Kubelet is a component in Kubernetes. And Kubelet can communicate with containerd to start containers. Since containerd can now tell WebAssembly runtimes to run Wasm bytecode instead, Kubernetes gets this ability as well.
Once you package a Wasm image for Docker, you can also run it in Kubernetes. So, you get the same benefits you get with traditional containers. Package once, ship anywhere, and deploy at a massive scale.
How to Use Wasm Runtimes Under Docker
In this previous blog post, we discussed how to use Wasm with Docker. This covered a complete scenario from start to finish.

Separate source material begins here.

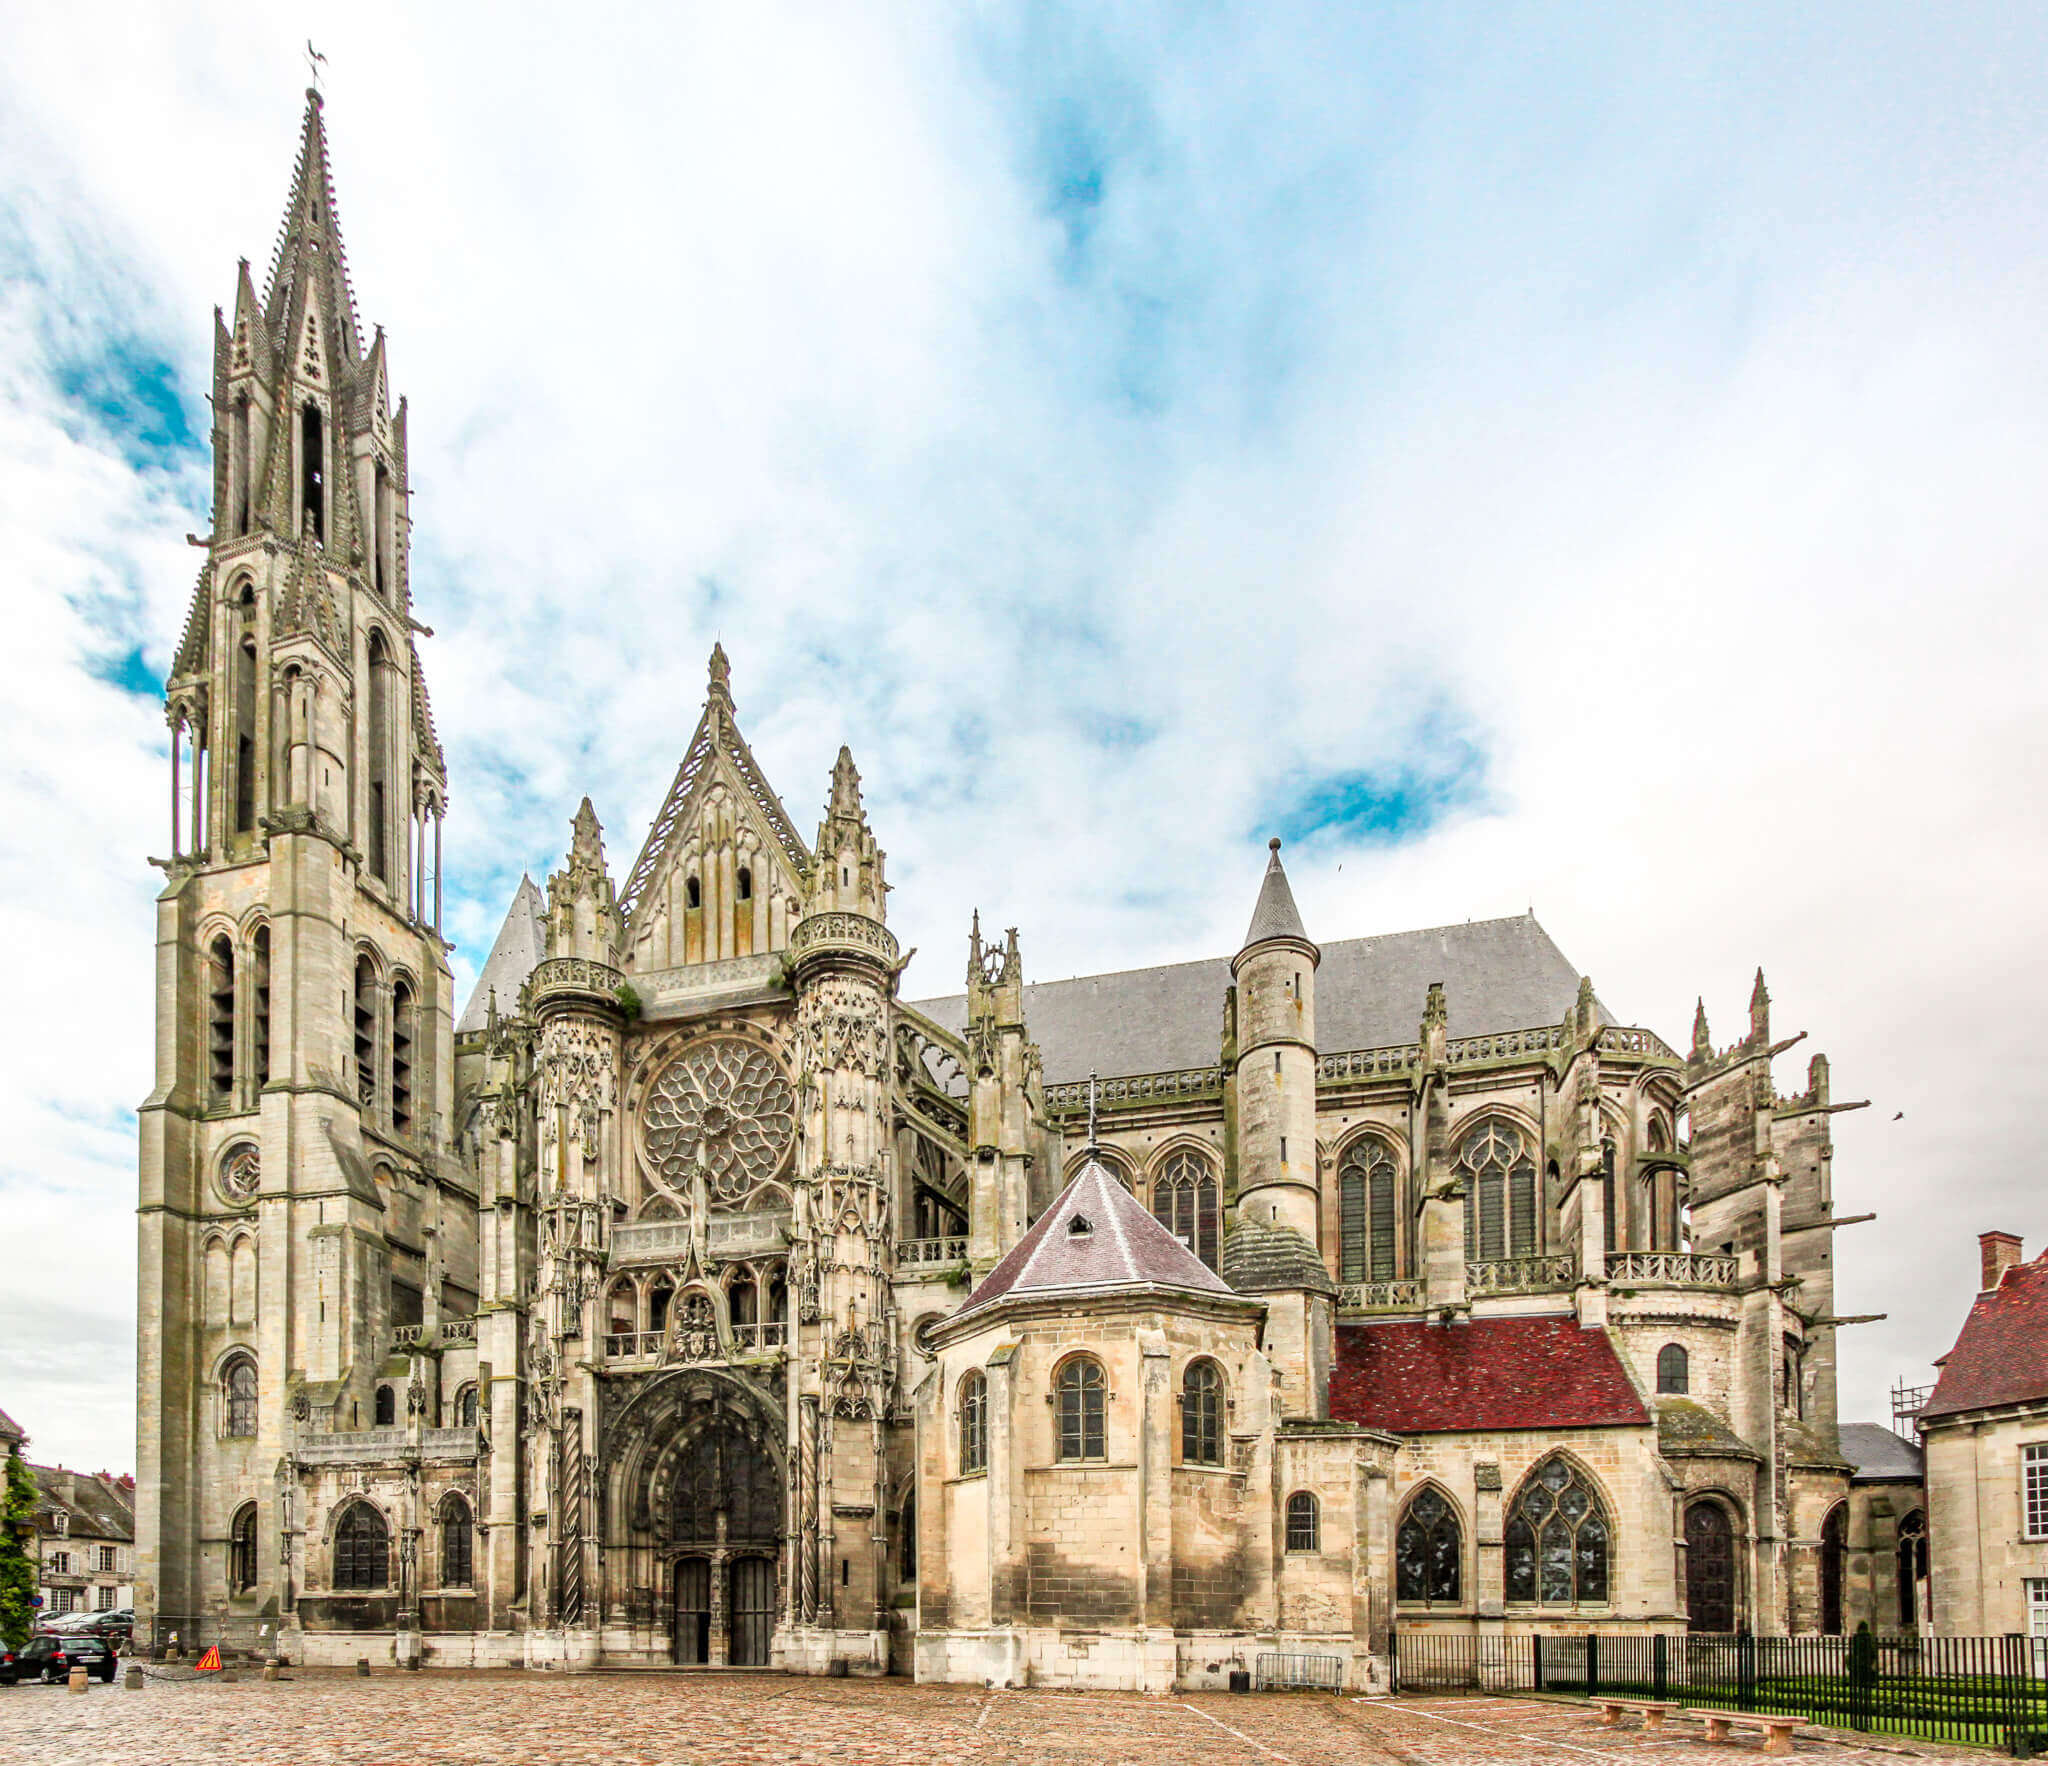 The exterior of the Senlis Cathedral

In that blog, you will find all of these things:
- How to Install Docker Desktop
- How to Compile C++ Code into Wasm Bytecode
- How to Package Wasm Bytecode into an OCI-Compliant Image
- And, what interests us here, How to Run Wasm Under Docker
If you want to use the commands below, make sure to download the second technical preview build of Docker from this page (if you cannot download build for Windows, see notes below). This is currently available ONLY in that build. But if you read this blog at a later date (later than summer of 2023, possibly), a normal build of Docker Desktop might already include these features. So, there will be no need to download the technical preview anymore.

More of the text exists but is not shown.